We thank colleagues from the Specific Pathogen Free Pig Production and Experimentation Unit, Ploufragan, France, for their technical support in in vivo experiments, particularly Angélique Moro and Nadège Morin for animal care during the experimental study. We also thank Mariette Ducatez and the FLUD consortium for helpful discussions. Stéphane Gorin, Gautier Richard, Stéphane Quéguiner, Nicolas Barbier, Céline Deblanc, Séverine Hervé, and Gaëlle Simon are members of the French research network on influenza viruses (ResaFlu; GDR2073) financed by the CNRS. Gautier Richard, Céline Deblanc, Séverine Hervé, and Gaëlle Simon are members of the European Swine Influenza Network (ESFLU; COST action CA 21132). This work was funded by the French National Agency for Research under project ANR-15-CE35-0005 “FLUD.” Open access funding was enabled and organized by COUPERIN CY23.

Supplementary Materials

Supplementary 1. Body temperature data taken daily from D0 to D18 and then at D21, D23, D25, and D28 for TI, TIC, NI, and NIC groups. For the Control group, temperatures were taken at D0, D1, D3, and D4, daily from D7 to D10, daily from D13 to D18, and then at D21, D23, and D25.

Supplementary 2. Daily weight gains calculated at different time intervals. No significant difference between groups compared in pairs at any time interval using the nonparametric Kruskal–Wallis test with Holm’s correction for pairwise comparisons.

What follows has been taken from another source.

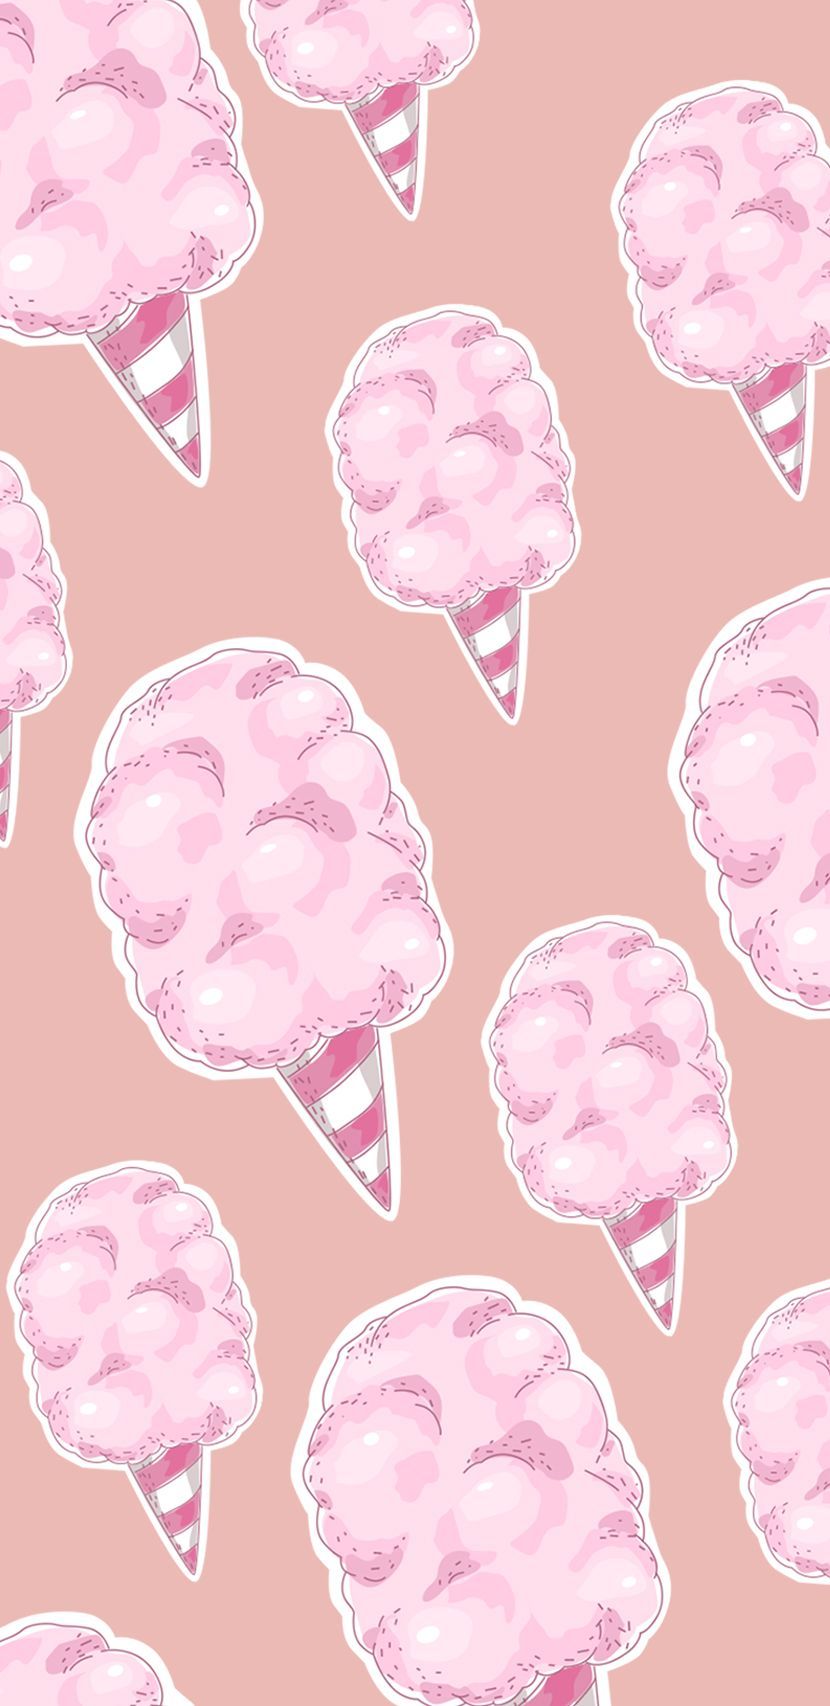 Pastel Candy Wallpapers - Wallpaper Cave

Supplementary 3. Infectious titers (TCID50/ml log10-transformed) from D0 to D14 postinoculation. Empty white boxes indicate that titration on ST cells has not been attempted. Grey-shaded cells indicate that titration was attempted but was not successful. The other cells contain the TCID50 infectious titer values calculated after titration on ST cells per millilitre of nasal swab supernatants.

Supplementary 4. Differences in the HEF sequence of D/bovine/Nebraska/9-5/2012 strain present in the P0 inoculum, inoculated to pigs in a first passage experiment [26], compared to the reference sequence published in databases.